Unusual Potatoes to Grow
Among our favorites are the French fingerlings, long slender potatoes that command big bucks in stores and at farmers’ markets. Rather than grow common varieties, such as red-skinned or baking potatoes that you can buy anywhere, I look for unusual ones like Purple Viking, which has dark purple skin and pure white flesh. German Butterball is a creamy golden yellow and there are many others that add great taste and color to a meal. We also grow Purple Majesty and Magic Molly, oblong tubers with purple skin and violet flesh that are as tasty as they are unique.

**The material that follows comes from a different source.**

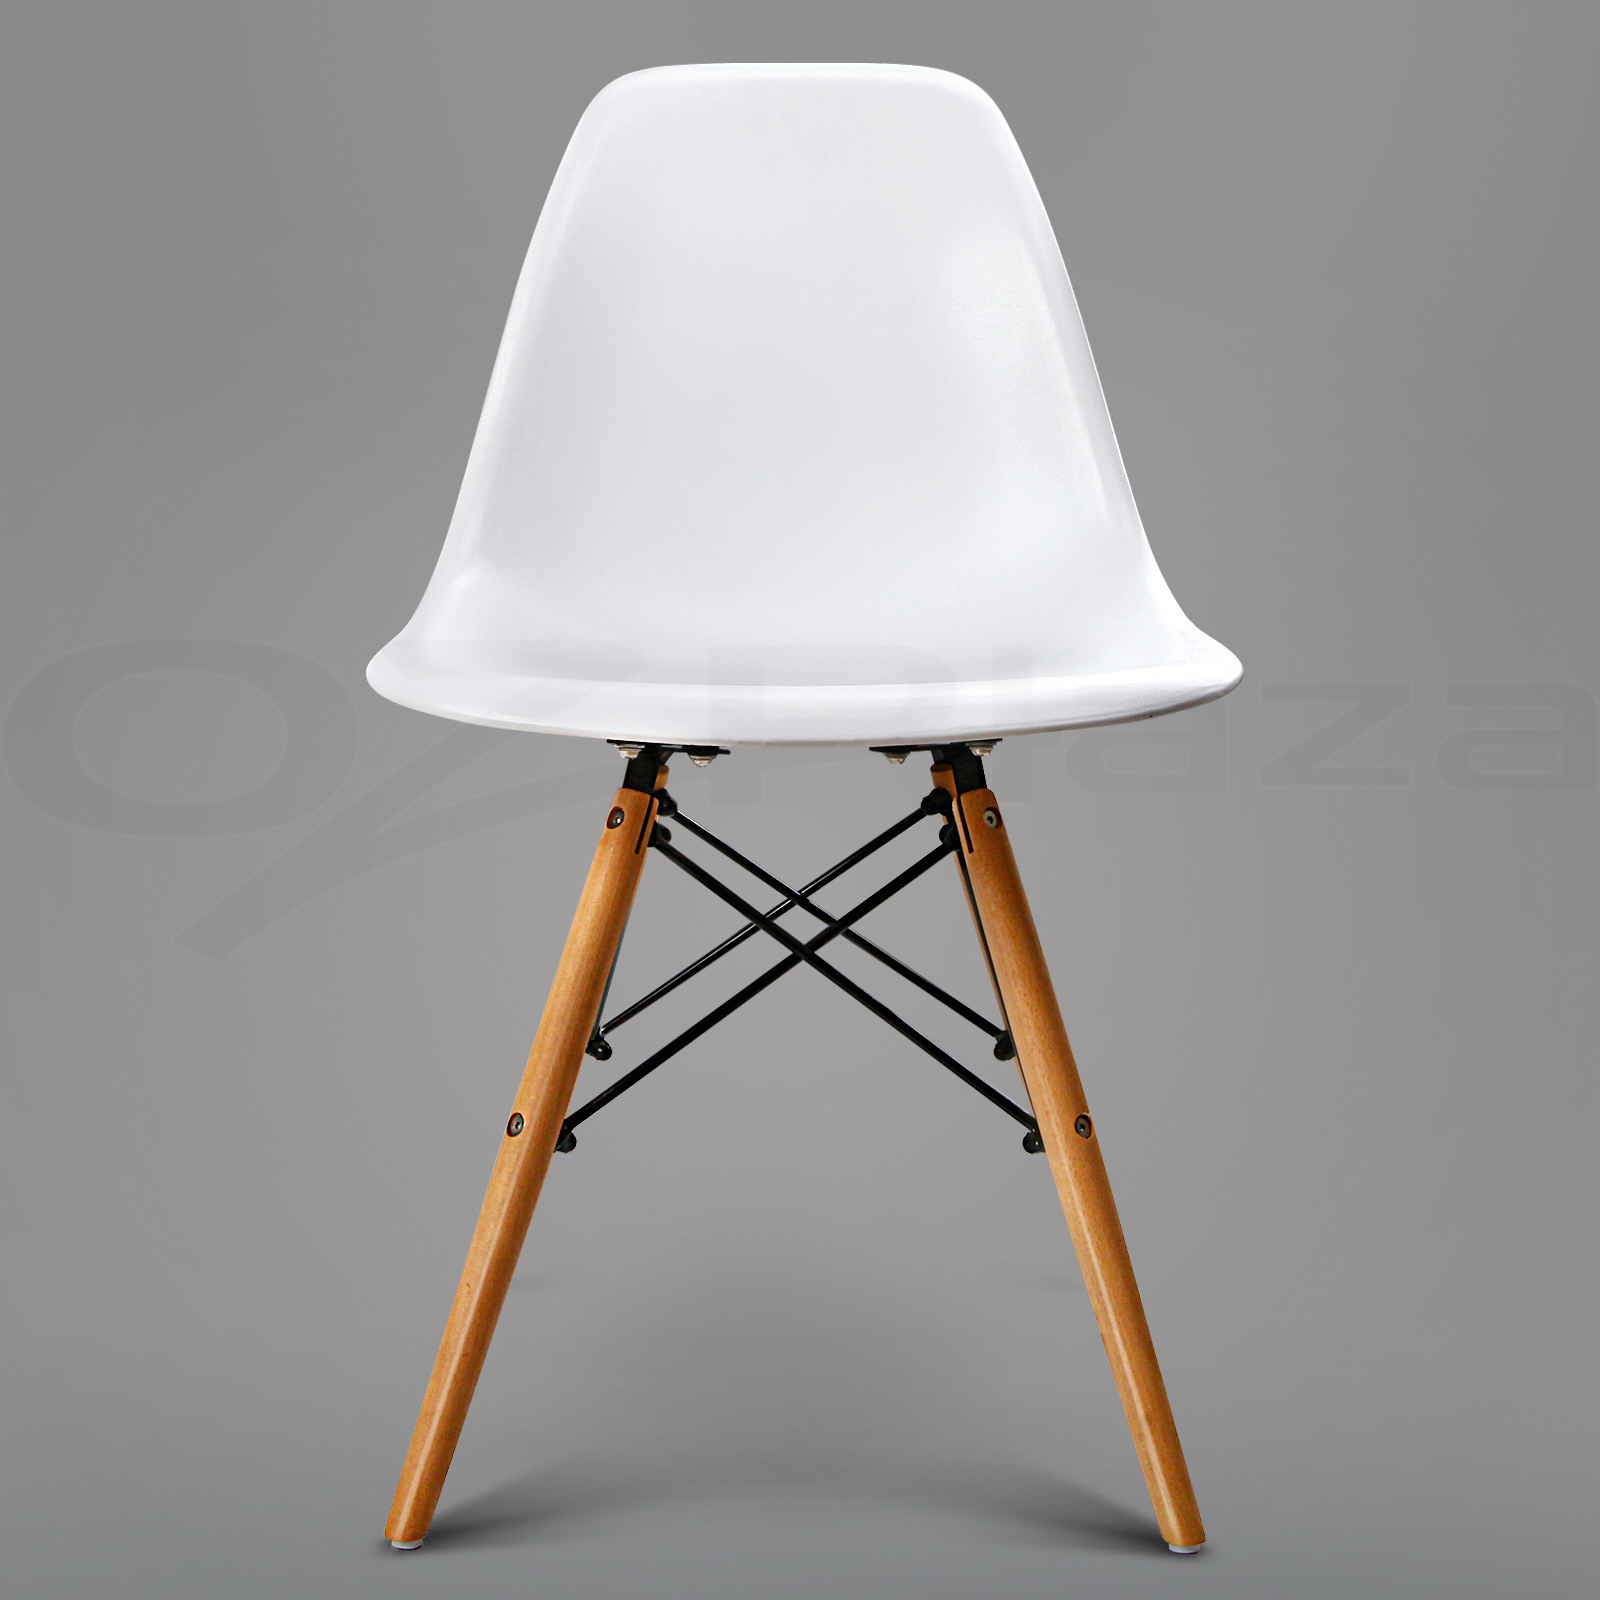 6 X Retro Replica Eames Eiffel DSW Dining Chair Armchair Beech Wood Fabric  9350062058817 EBay6 X Retro Replica Eames Eiffel DSW Dining Chair Armchair  Beech

If you have a spot in your garden that gets at least six to eight hours of direct sun in the summer, you can grow potatoes. They grow just fine in large 15-gallon pots, fiber planting bags, raised beds, and in trenches. Plant five pounds of “seed” (small) potatoes in spring and you can harvest between 40 to 50 pounds of tubers by late summer. Standard potatoes yield about 10 times what you plant in spring, while fingerling potatoes yield from 15 to 20 times the amount planted.
Getting Started
Late summer and early fall are good times to prepare the vegetable garden for spring potato planting. They grow best in fertile, well-drained soil. I add compost, finely chopped leaves, and other organic amendments to “lighten” our soil, which has a lot of clay. I also grow potatoes in pots filled with a soil-less potting mix intended for vegetables.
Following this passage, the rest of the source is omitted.